У меня это дело наконец пошло, и я наверно как-нибудь напишу отдельный пост, почему. Но стоит ли это вообще выкладывать? Кто-нибудь читает?
МИККЭЛА ЭГЕРИ
И вот наконец я иду вместе с Манци вниз по лестницам, к реке, к лугу, где растёт тростник - уже пожелтевший, иссохший, но ещё крепкий, в самый раз для дудочек. И я верчу в голове свои вопросы. Я не очень хороша в расспрашивании. А ведь я как-то попыталась заглянуть Манци в глаза - и представьте себе, он закрылся от моего взгляда, как не каждый волшебник умеет! Кажется, даже не задумался. Очень любопытно. И что ещё, хотелось бы мне знать, он может?
Имя у него паржецкое, но сам он точно не паржец. Хотя, не так уж странно. В Белогории много паржецев, кто-то мог назвать сына в честь друга или соседа. Хоть у нас, куглинов, и не принято повторять имена - но у самих-то паржецев принято. Смешиваются обычаи, прямо как в Городе Рыцарей. Да, в Городе такой мог бы вырасти. Но тогда бы уж Келек хоть раз его бы увидел где-нибудь на улицах. Город, конечно, большой, но и Келек не промах! Да и иначе себя ведут тамошние парни.
- А какие ты песни знаешь, Манци? - спрашиваю я для начала. - Паржецкие знаешь?
- Знаю, - кивнул он.
- Про Нинне знаешь?
Это песня моряков с самых дальних берегов Паржи, но в Городе рыцарей эту песню знают и любят. Интересно, а в Белогории как?
- Знаю, конечно.
Мы бредём по лугам, высокая трава, которая летом стояла по пояс, лежит зелёными волнами, будто причёсана гребнем. Холмы давно уже от солнца пожелтевшие, а тут, на лугу, всегда зелено. Только тростники сияют золотом, а над ними плывут тени рваных облаков и иногда нити дождя сверкают на солнце.
Манци идёт впереди меня, к тому самому месту, где тропа пересекает тростниковую стену, и я слышу его пение. Голос у него негромкий, и дышит он едва заметно, медленно, но глубоко.
- Спит Нинне в горах высоко над морем,
от ветра холодный, от вьюг седой,
в железной короне, на снежном троне,
и ветер играет его бородой.
Ах, я никогда не забуду море
и белых долин ледяной простор,
и звёздное зеркало за кормою,
и вереск весенний на склонах гор.
Я останавливаюсь. Это не совсем то, чего я ждала... Но чтобы слушать дальше, приходится идти за Манци довольно близко - шорох тростника заглушает его.

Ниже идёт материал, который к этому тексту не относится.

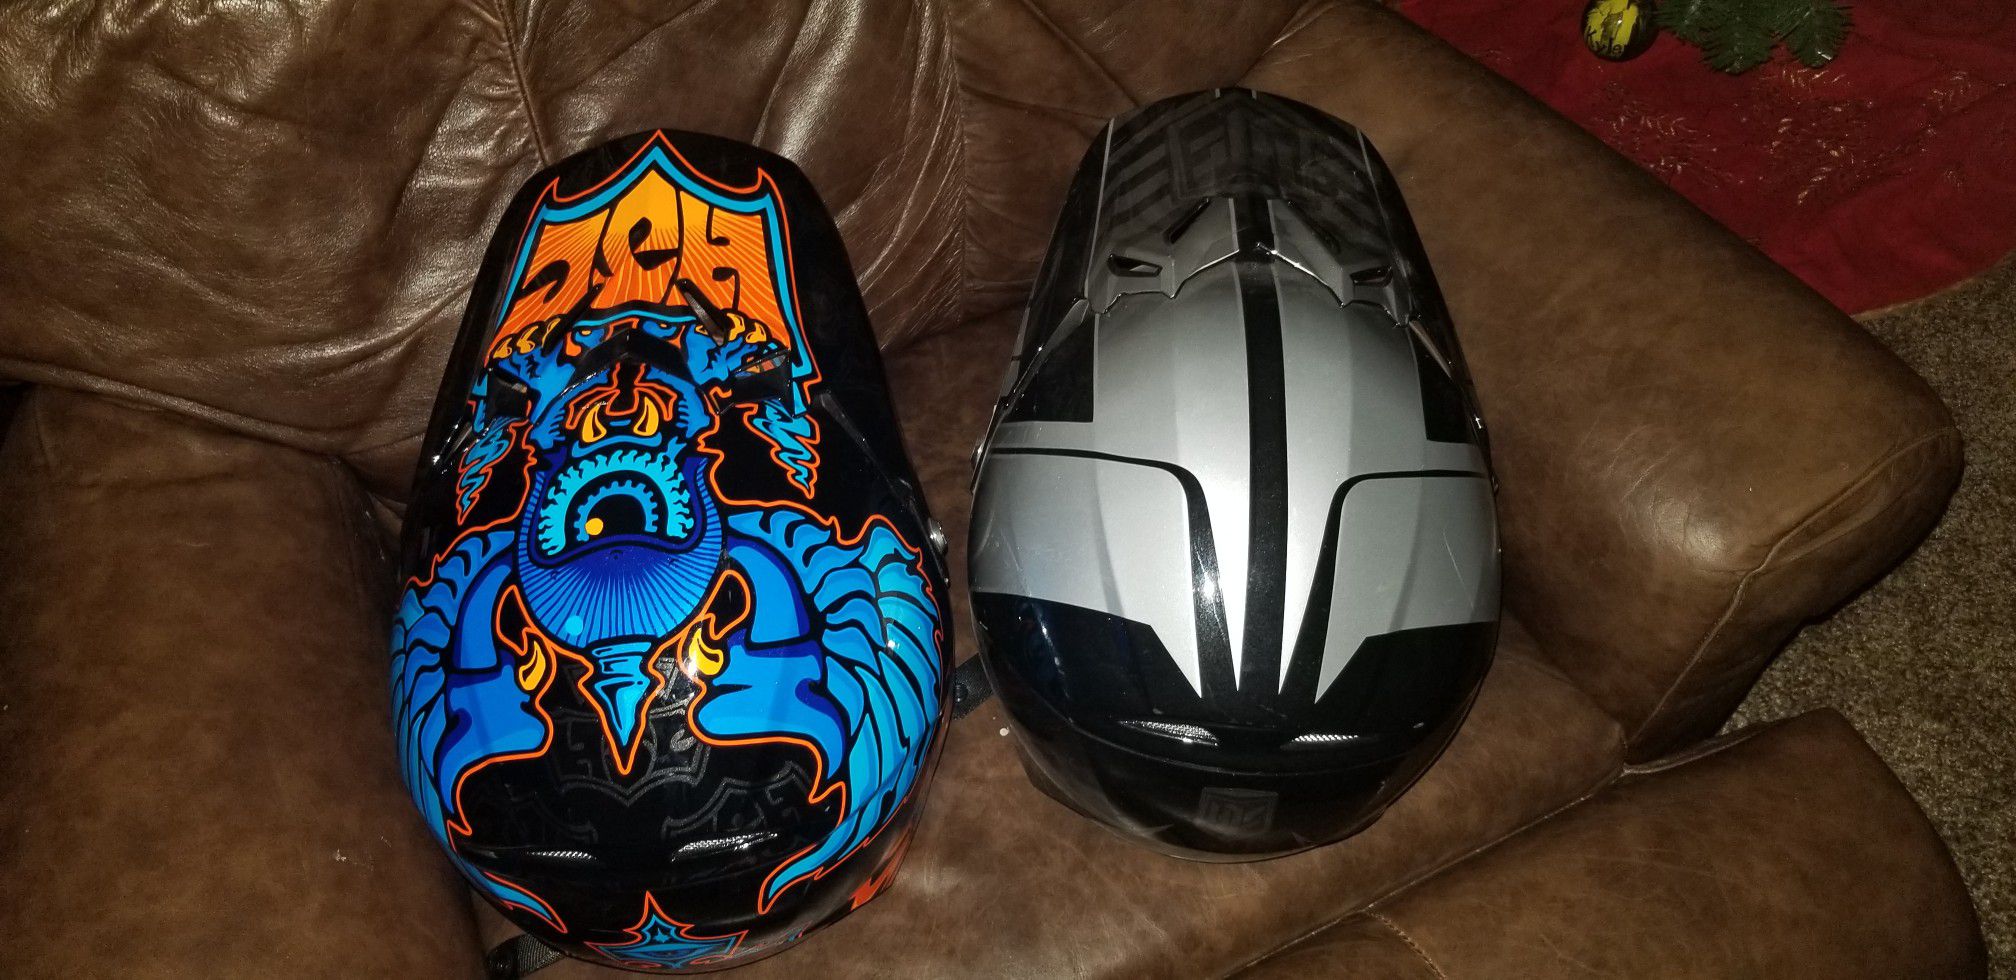 2 youth helmets xl and large

- Из чёрных проклятий плетёт он сети,
и мне не укрыться от них нигде,
от них не избавит ничто на свете,
одна только смерть на своей ладье.
Когда я ушёл из родной долины
и сгинул мой город в туманной мгле,
во сне я увидел корону Нинне,
и нету покоя мне на земле.
Это тот перевод песни, которую поют с другой стороны стены Города. Те паржецы, что воюют за белогорского князя, те из них, что знают куглинский язык.

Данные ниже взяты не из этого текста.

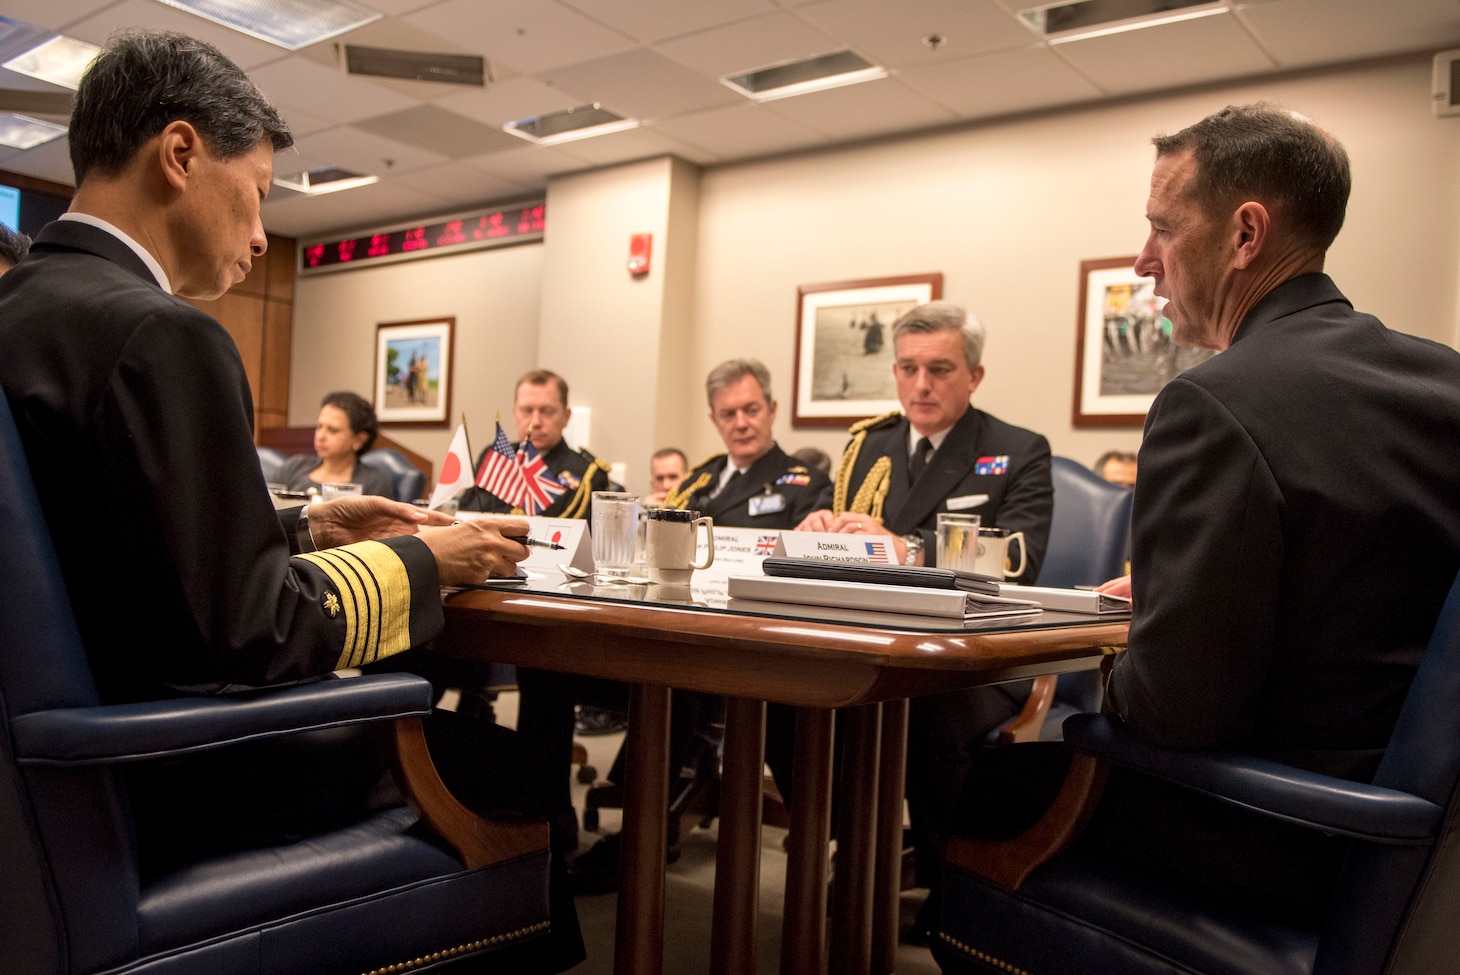 Chief of Naval Operations (CNO) Adm. John Richardson; First Sea Lord, United Kingdom Royal Navy, Adm. Phillip Jones; and Chief of Staff of the Japan Maritime Self-Defence Force, Adm. Tomohisa Takei, meet in the Pentagon for a trilateral maritime discussion, Oct. 20. The three heads of Navy signed an agreement affirming their commitment to collaboration and cooperation.

Ну да, чего ещё ждать от белогорца! Что ж, подпою.
- Кто силы найдёт, чтоб взойти на гору, -
родился ли он, кто бы мне сказал? -
тот всех нас избавит от слёз и горя,
кто Нинне заставит открыть глаза.
Когда бы я мог отыскать дорогу,
тропинку к вершине, покрытой льдом,
я сам бы сразил ледяного бога
и снова нашёл свой далёкий дом…
Манци замолкает. Видно, что эта песня о чём-то напоминает ему.

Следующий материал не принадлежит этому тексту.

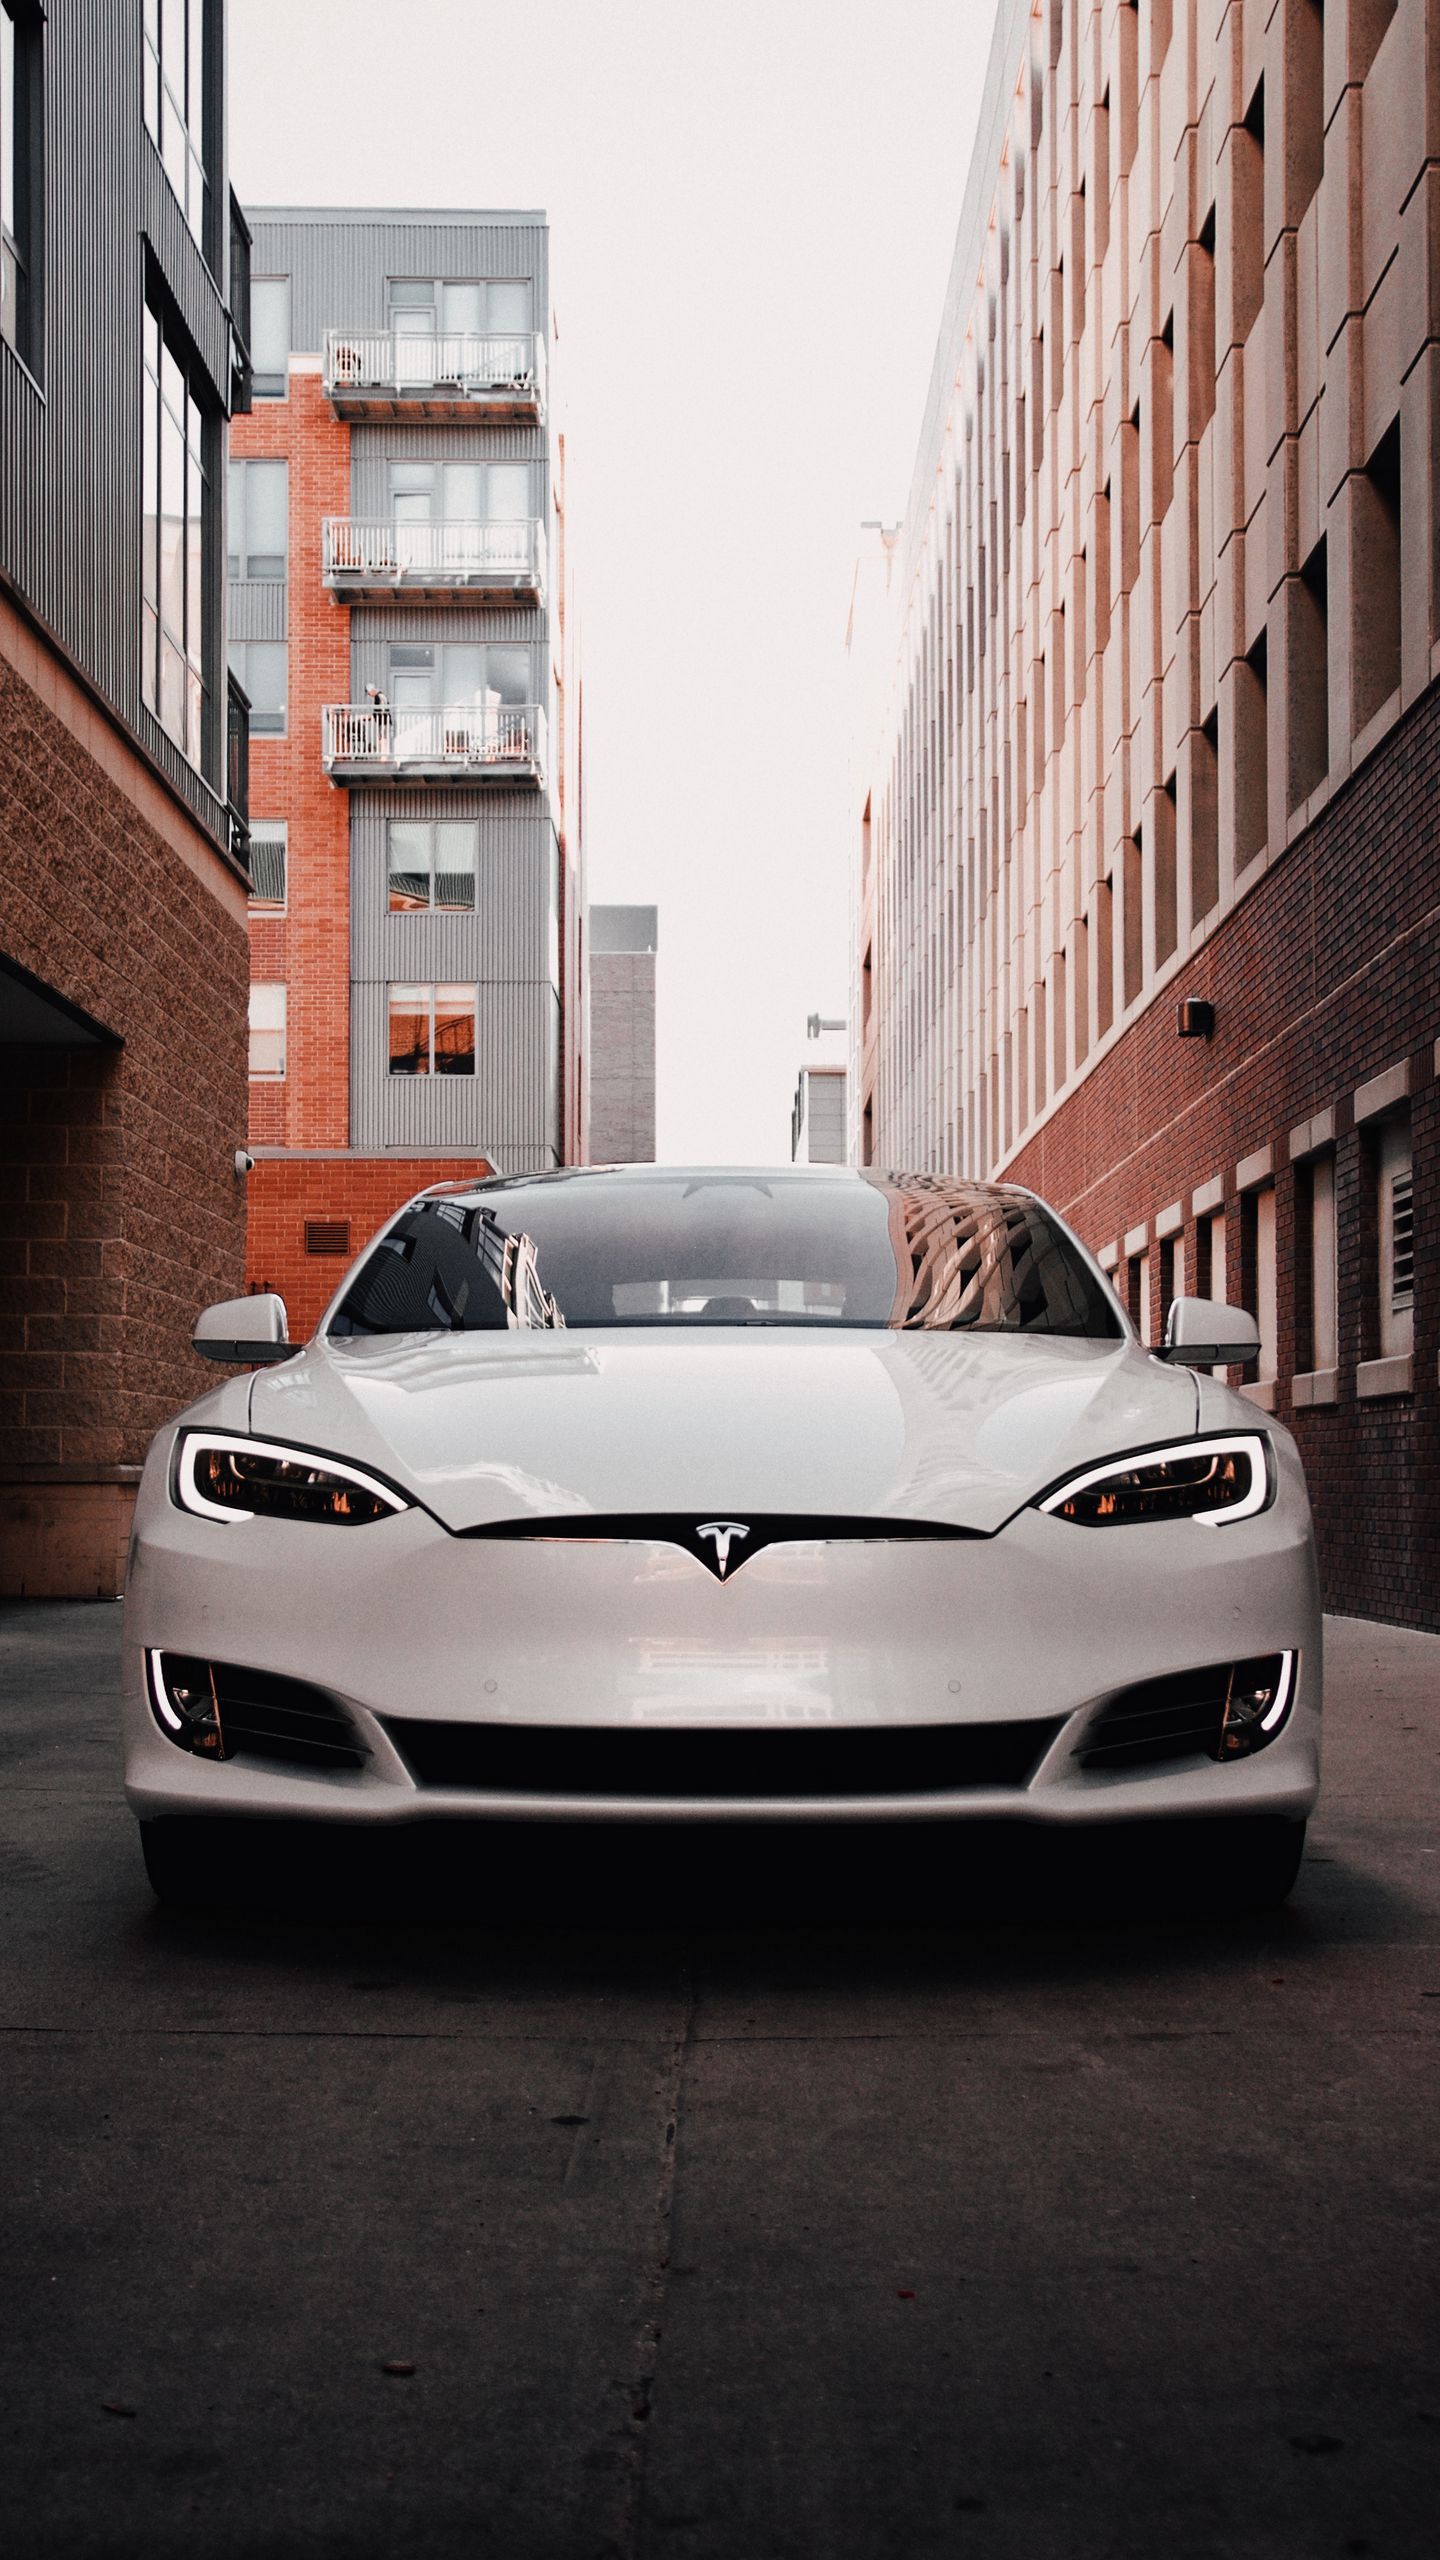 Download wallpaper 1440x2560 tesla model s, tesla, car, electric car, white, front view qhd samsung galaxy s s edge, note, lg g4 HD background

- Скучаешь по дому? - спрашиваю я.
Он пожимает плечами.
- Я не знаю, где мой дом, - говорит он. - Теперь, наверно, здесь?
- А ты её и по-паржецки можешь спеть?
Он кивает, и мы затягиваем песню вместе. Дождь отлично нам подпевает, и камыш тоже, даже не став ещё дудочкой. Манци поёт на чистом паржецком, как на родном.
- А кто тебя паржецкому научил? - спрашиваю я.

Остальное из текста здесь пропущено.